In this article, we are going to look at this from the perspective of meeting bottom-line targets. In this type of transformation, the CFO and finance teams play a critical role in setting the targets, but also in providing the necessary discipline in minimizing value leakage.
Taking this approach can be very beneficial in driving innovation if you have a CFO that understands the business. Still, the reverse is that if your CFO is more like a financial controller who is just looking at numbers, the results can be tragic. I have experienced this first hand, and some of the statements that I have heard are “Operations has 80% of the headcount budget, reduce it by 60%.”; “The Cost to Serve is too high.” If you are thinking to yourself, I have heard these before, you are not alone, but they need context plus the data needs to be correct. As I reflect on the above experience, what was interesting is that the reason the cost for operations, as well as the Cost to Serve, was that they had bundled the sales and marketing costs under operations. What was strange when we analyzed the data correctly that the most expensive department in the business was Finance, but they would never cut their team. If you are working with incorrect data, you are already in trouble.
I digress; why are there variations between the proposed changes and expected savings to the results achieved? Aside from the apparent reason that the business sets high expectations, but isn’t willing to put in the hard yards to achieve this or fails to set clear goals and accountability, there are three reasons which I have seen.
Under Delivery of the Initiative
The initiative doesn’t meet up to the projected benefits. Some examples of this are “a new product takes longer to launch than planned,” or the uptake of a new service fails to meet adoption rates.
These are events that are outside the control of the company, such as currency fluctuations, increased cost in labor, or raw materials.
Underperformance in other Business Functions
Management actions that erode the value achieved via the change actions. An example that I have seen many times is the savings funneled from the initiative to other underperforming business functions in the hope that they will improve. A common area I have seen this is with increasing marketing budgets to attract more customers, but without making any changes to the current process (good money after bad if it is not working well today).
BHAG — Big Hairy Audacious Goals
BHAG is an idea that was conceptualized by Jim Collins and Jerry Porras in the book “Built to Last: Successful Habits of Visionary Companies.”
If you want to transform your business and see the results show up on the “bottom-line,” you need to ditch the approach that so many companies use is “what we did last year?” This mindset is limiting in that it creates the behavior of “as long as we do better than last year; we are good.”
Start thinking in terms of overarching objectives of growth, operational excellence, and business structure. Once you have set these, then it is vital to work with the finance team, who should be the ones that set the ground rules. Any initiative needs to have a formal evaluation with the finance team to ensure that the financial calculations and risk assessments are correct instead of what we often see today is that it becomes a finance problem when an issue arises. The plan should also include explicit, measurable objectives (I prefer OKR’s, but it can work with KPI’s as well) and who is accountable for the attainment of these.

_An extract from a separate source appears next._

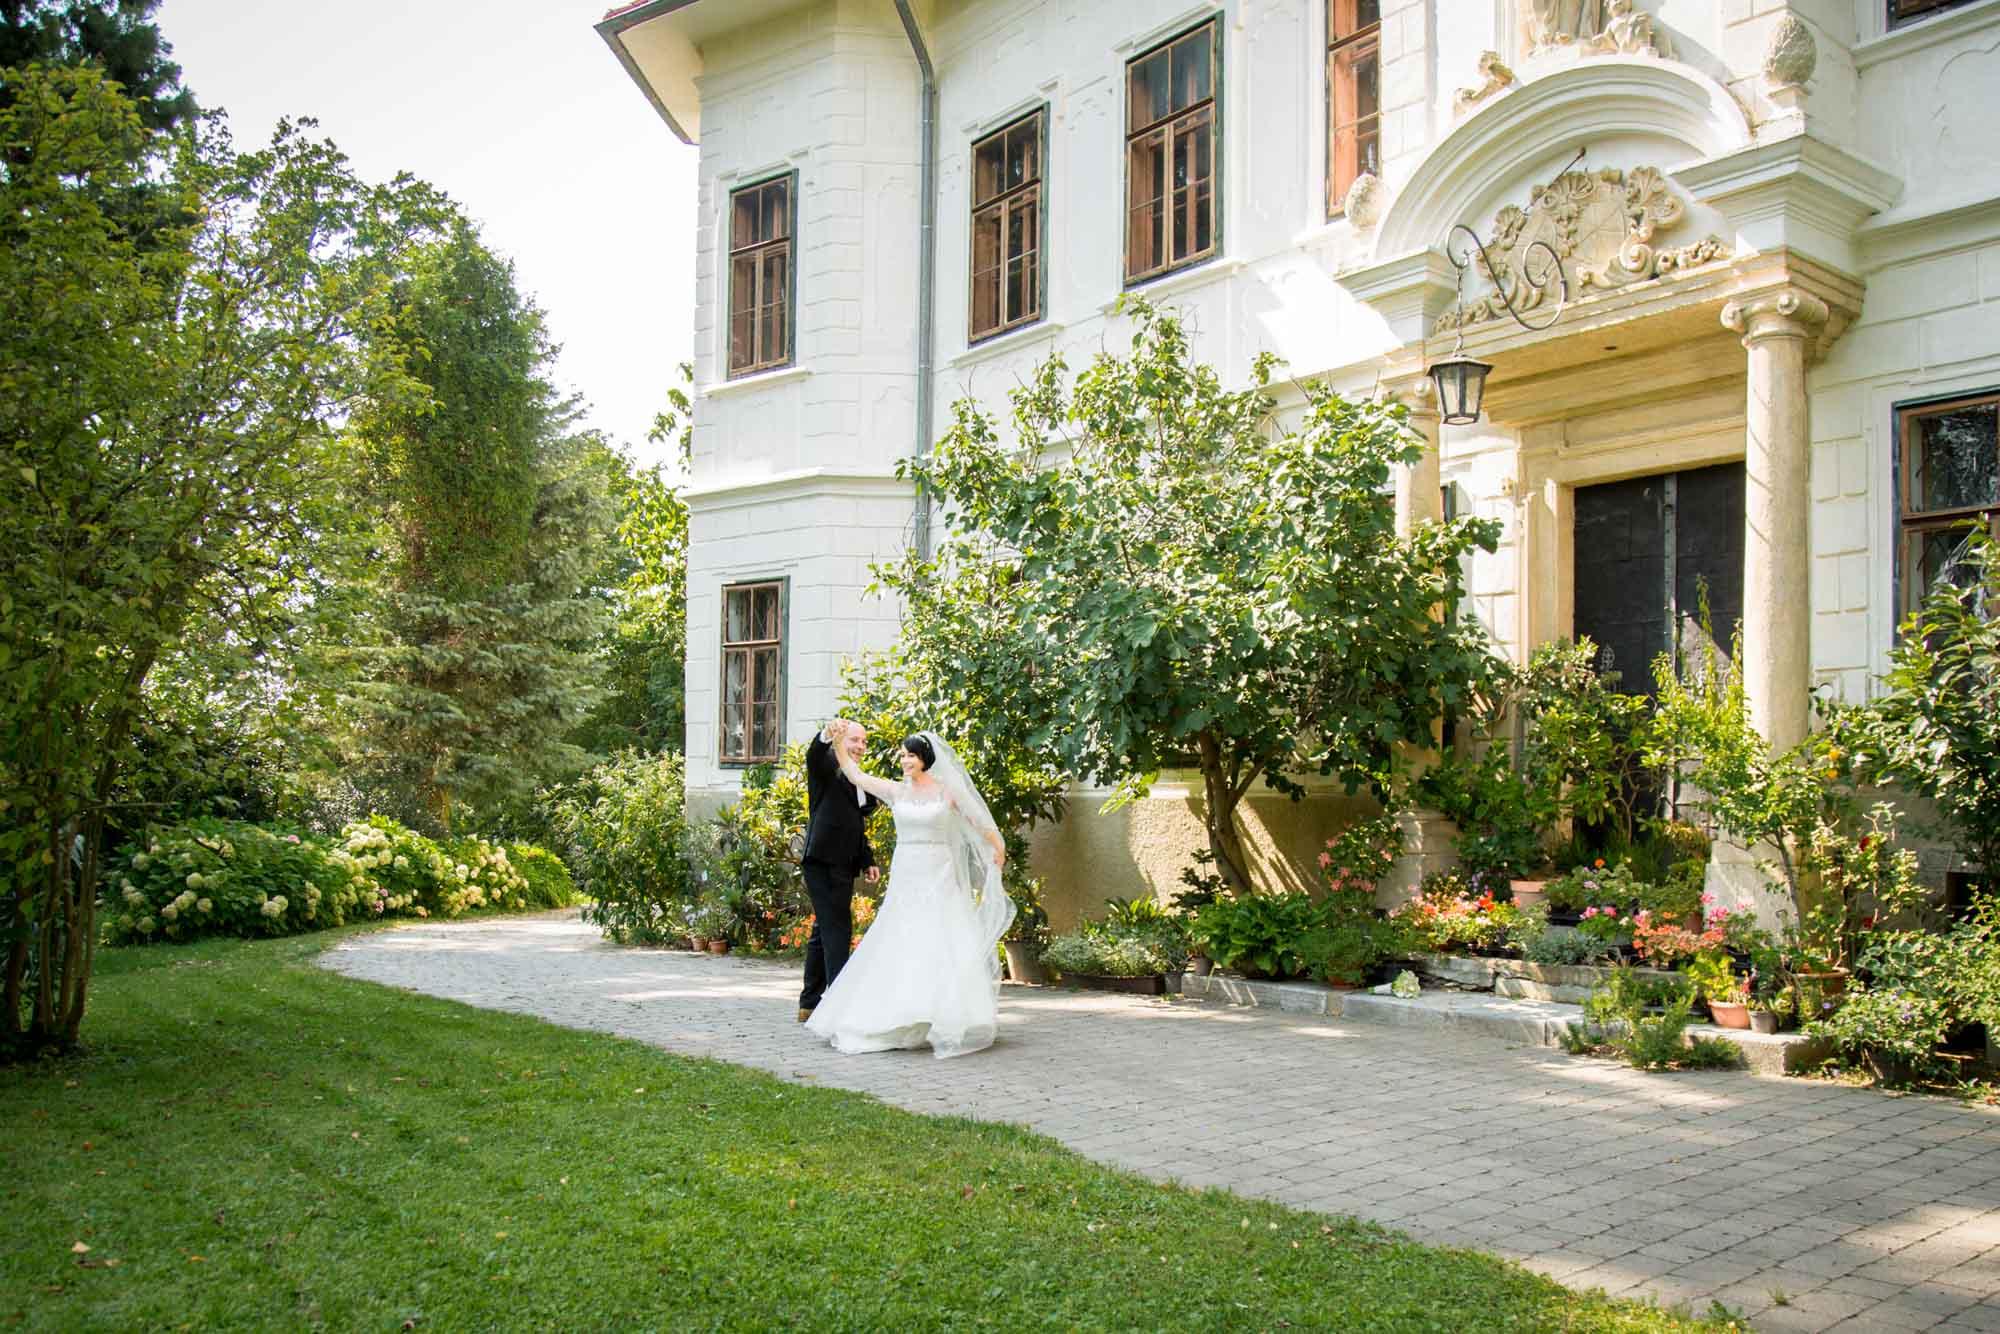 Bohemian Photography | Hochzeitsfotografie

It is common that when we undertake any transformation effort that we separate this from day-to-day operations. I’m afraid I have to disagree with this approach as it insulates the project from the rest of the business, which misses an opportunity to get buy-in from employees very early in the process, which is key to the success of any transformation project.
There needs to be integration in forecasts, reporting, and budgeting as well as any transformation project. Integrated reporting provides a single view that gives everyone a clear understanding of the investments that the company is making, the impact of these investments, and how the business overall is performing. This clarity in communication is a critical component in any successful change initiative.
For any transformation, the CFO and Finance teams must work closely with the business leaders to articulate and track the value of the respective initiatives. As the change is underway, the reports should be combined and integrated with the daily operations reports. The “single-stream view” will provide the CEO and other executives with clarity around which aspects are working and which aren’t.
By taking this approach, it will become easier to answer the question, “how is this impacting our bottom-line?”